Впрочем, отправь он Антонину на постой в любой дом города, всё одно – молва бы их свела. Он ей начальник и не позаботиться о ней и не взять на себя ответственность в любом случае не смог бы, а горожанам бы этого хватило.

– Если тебе так неприятно, можно попробовать что-нибудь придумать, – предложил неуверенно.

– Мне неприятно, что чужим людям есть дело до того, кто мы друг другу, – возразила она. – И досадно, что ничто этого мнения не изменит. Есть чувство неизбежности, а оттого хочется совершить какую-то глупость просто назло всем, чтобы сказать: вы не правы. Но это ребячество. И уж тем более тут нет твоей вины, заткнуть болтливые рты никаким шаманам не под силу. Даже самому Умкы.

В усталом голосе послышалась улыбка, и Сидор улыбнулся в ответ.

– Потерпи немного, скоро уже дома будем.

Березин лукавил и сам понимал это. Он не знал, насколько далеко от Ново-Мариинска стояла семья Эрыквына и где именно его поймала весть о поисках Сидора. По здешним меркам, несколько дней пешего пути – ближний свет, и сам бы Сидор легко одолел такую дорогу, но что делать с Антониной? Зимой проще, на нарте без пурги – и впрямь нетрудно добраться, а сейчас…

Но расстраивать девушку своими измышлениями он не стал, пусть отдохнёт. И без того ей сегодня досталось и пришлось пережить изрядно тяжёлых минут.

Говоря о собственной благодарности и радости от её присутствия, Сидор утаил часть правды. Пусть всё разрешилось благополучно, он до сих пор корил себя за то, что поддался на уговоры и взял её с собой. Да, предвидеть не мог, и на подобные опасности с приключениями никто не рассчитывал – что трудного, отыскать в тундре не приученного прятаться домашнего мальчишку! Кто мог ждать, что доведётся сразиться со сворой кэль-эт и познакомиться с одним из самых влиятельных существ здешних мест?

И всё же к счастью, что она настояла. Справился бы он сам, без Антонины, с нападающими? Да, и сейчас это не вызывало сомнений, но большой вопрос – какой ценой? И кем бы после того стал?

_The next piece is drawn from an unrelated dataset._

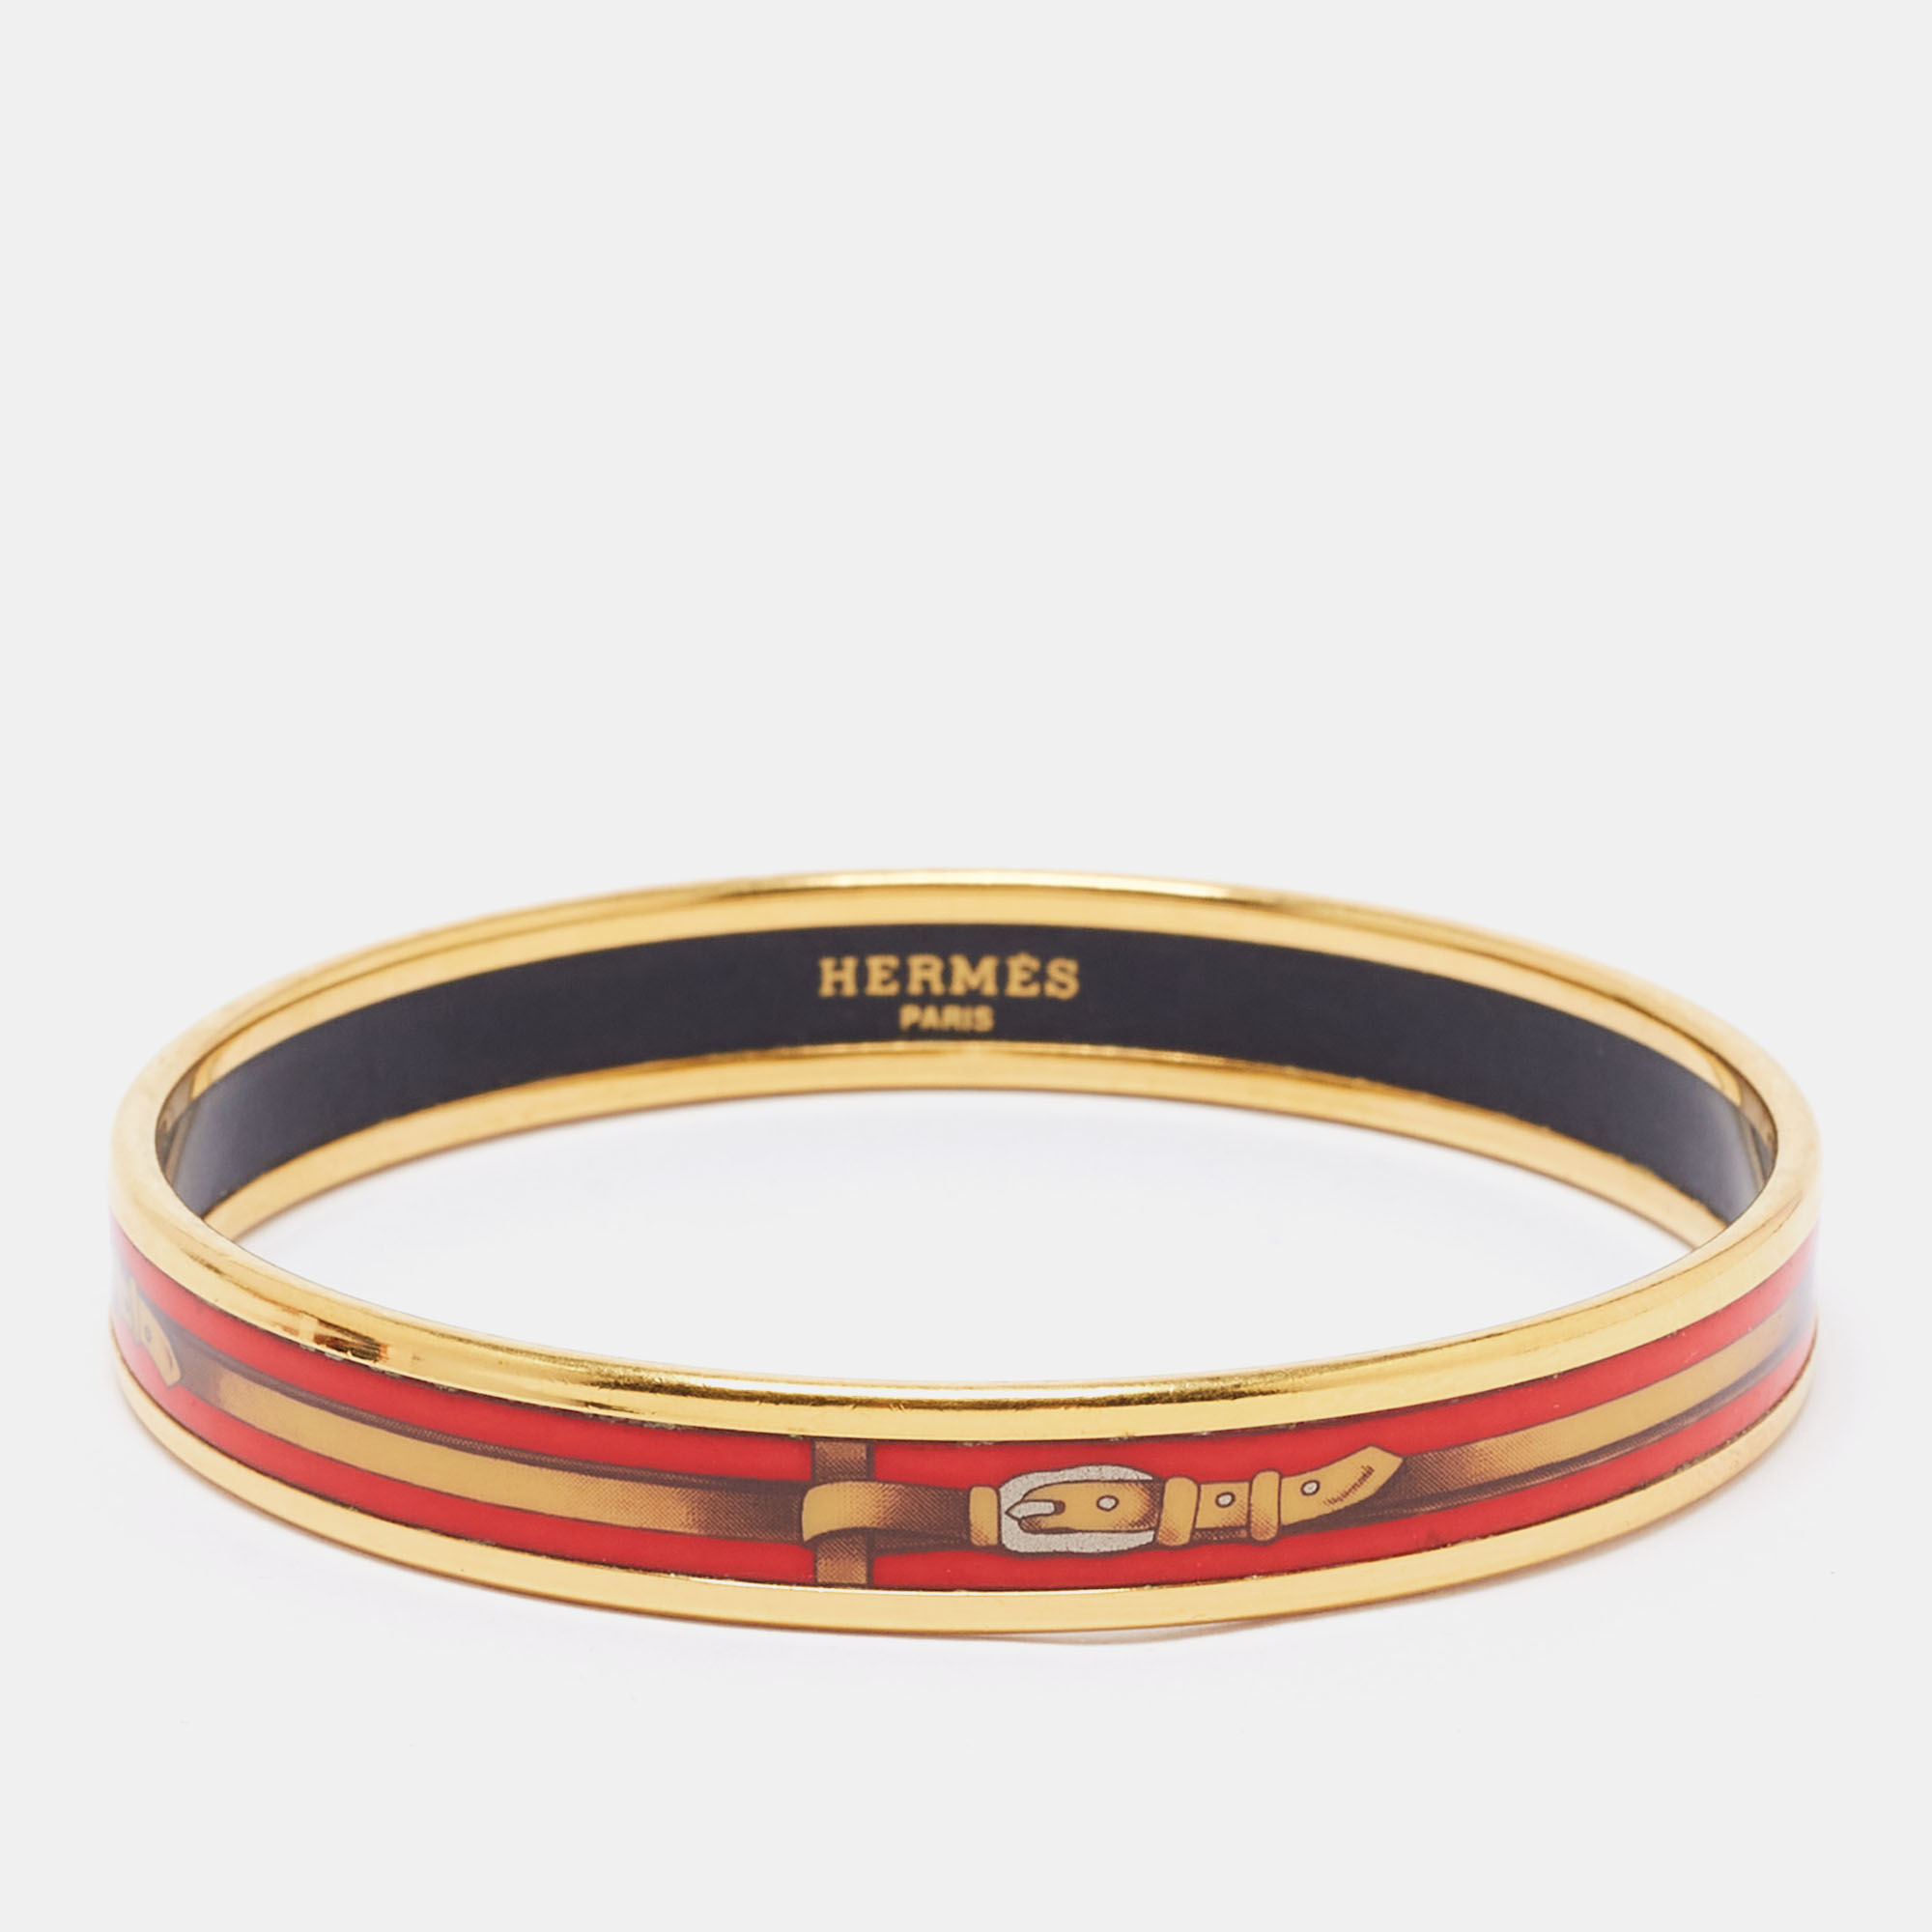 Hermes  Enamel Printed Gold Plated Narrow Bracelet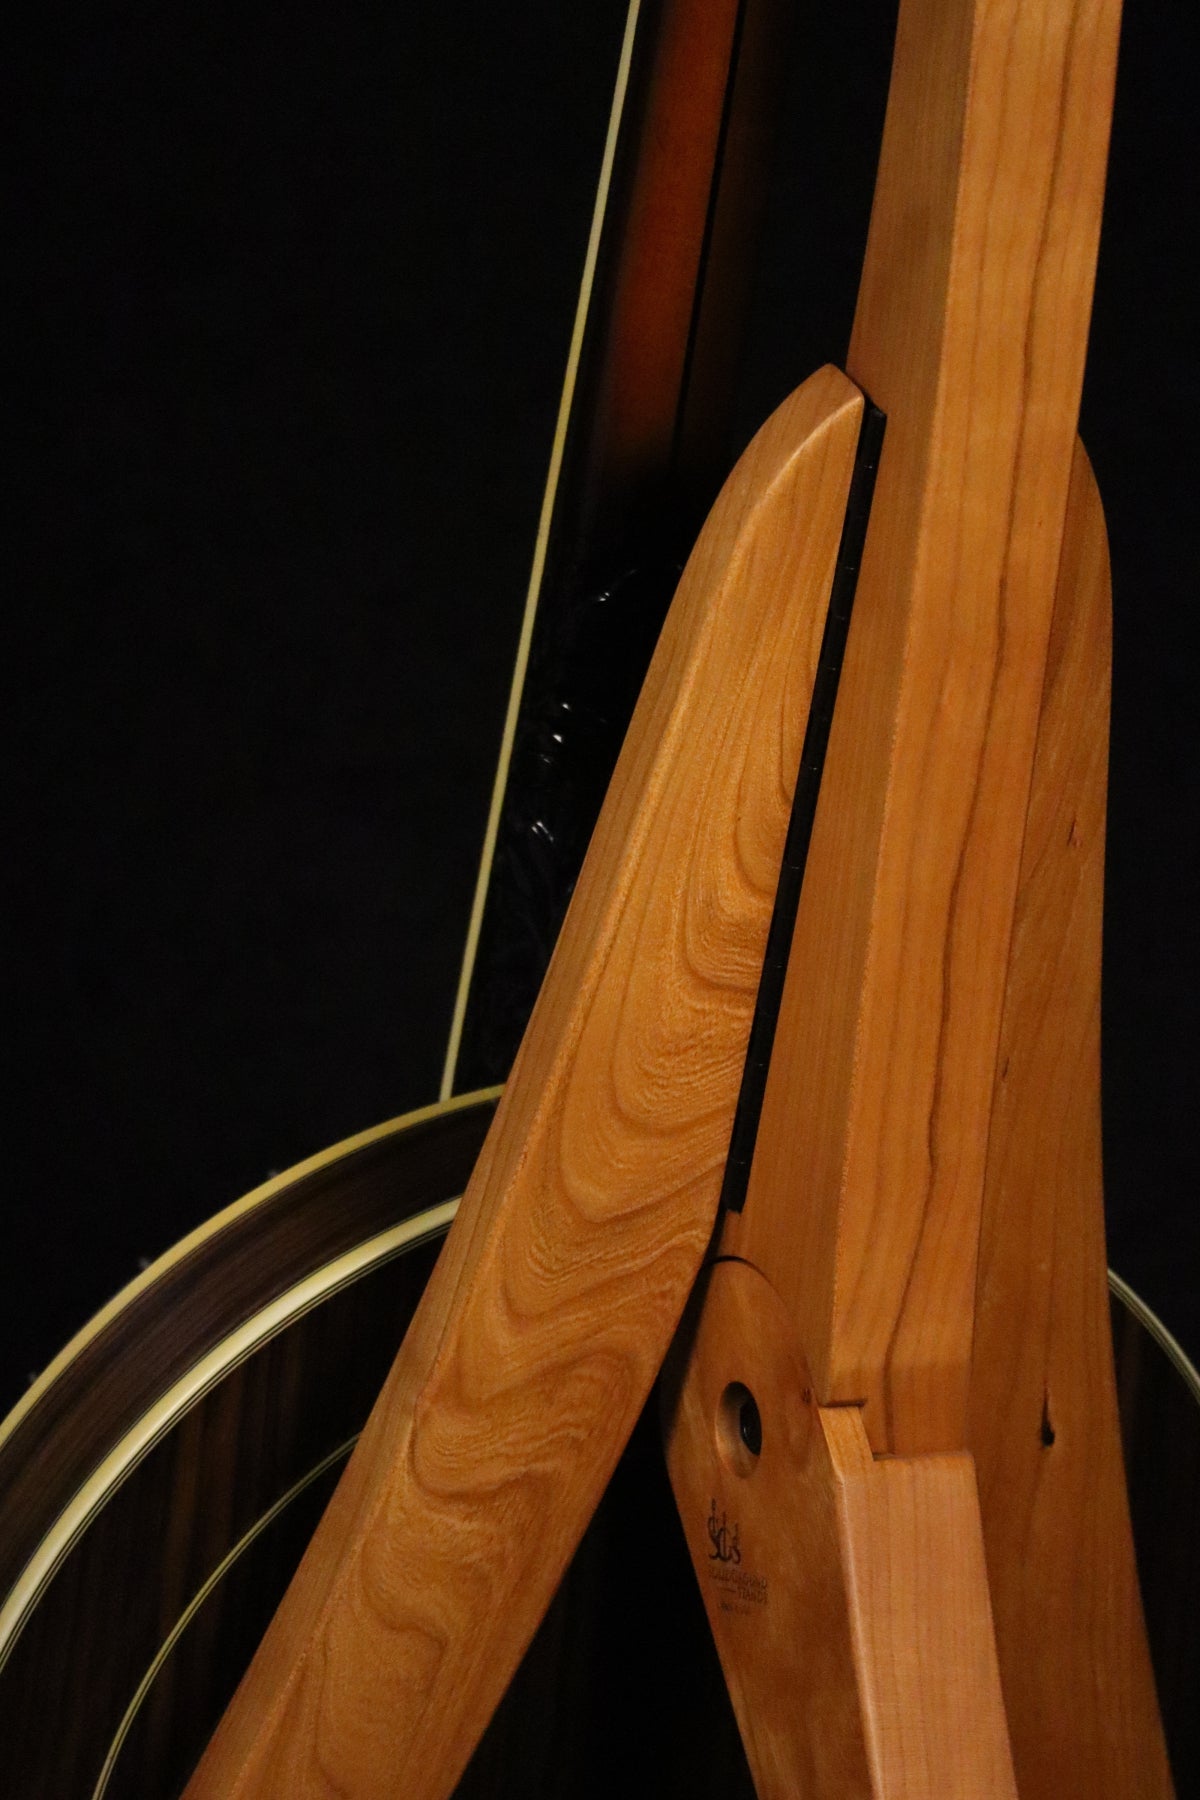 Folding cherry wood banjo floor stand closeup rear image with Alvarez banjo

Сейчас особенно отчётливо звучали в голове слова Ухонцева, и Сидор только теперь пронзительно точно ощутил всю их остроту. После того как столкнулся с Верховой Верой и узнал её историю, после того, как тихий книжный мальчик Сашка помчался спасаться, гонимый звериным инстинктом, в чуждую ему тундру, а вернее – прочь от человеческого жилья, которое вдруг показалось зверю внутри опасным, угрожающим. Мальчишка умом и звериным чутьём понимал, чего лишится в наказание.

Александру навряд ли грозил слишком суровый приговор, он всё же ещё ребёнок, несмотря на тяжесть совершённого преступления. Его бы не казнили и не отправили бы на каторгу, куда там! Вероятнее всего, выслали бы на другой берег лимана. Но зверя повёл страх, который Сидор начал чуять незадолго до появления духов, когда беглеца почти нагнали. Чуять и – понимать.

Потому что сам он задержался в шаге от того, чтобы уйти в тундру точно так же, как сделал это Сашка Верхов. По иной причине, и зверем он бы стал другим. Наверное, не появись в его жизни Антонина, через год-другой – что для вечной мерзлоты и сопок эти годы! – он бы не вернулся с охоты, может, даже не заметив перемены. Ловил бы тюленей с припая, дремал, свернувшись на снегу под застругами…

Сейчас, даже став зверем в момент опасности, Сидор бы сумел вернуться. Сейчас ему было зачем и куда возвращаться. К кому. Вот только Березину совсем не хотелось делать этот последний шаг, отделяющий человека от чего-то другого, пусть даже этот шаг откроет новые пути и возможности.

Не имеющий чародейского образования, Сидор понятия не имел, как это вообще возможно – живому человеку вдруг стать белым медведем, не совершая никаких ритуалов, пусть даже и самых сказочных. Да и вряд ли знали это современные чародеи и проходили в университетах: существование Нави до сих пор держалось в секрете. Но собственный пример всегда нагляднее любых учёных предположений, и Сидор уже не сомневался: это возможно. Если зверь амба сумел стать человеком, отчего бы человеку не суметь превратиться в зверя?

Так что Антонина его всё же спасла. А он намеревался в ответ сделать всё возможное и невозможное, чтобы вернуть её в безопасное место и больше не подвергать подобному риску.

От усталости показалось иначе, но за «порогом» они простояли не пару часов, а всего несколько минут, когда Эрыквын позвал гостей внутрь. Антонина, до сих пор так и не пришедшая в себя после стычки с кэль-эт и непривычно огромной растраты сил, встретила приглашение с облегчением, а в яранге, вслед за Сидором ответив на приветствие, уселась на оленью шкуру, постеленную поверх разбросанной сухой травы, и с наслаждением расстегнула наконец пальто и сняла берет, щурясь на свет.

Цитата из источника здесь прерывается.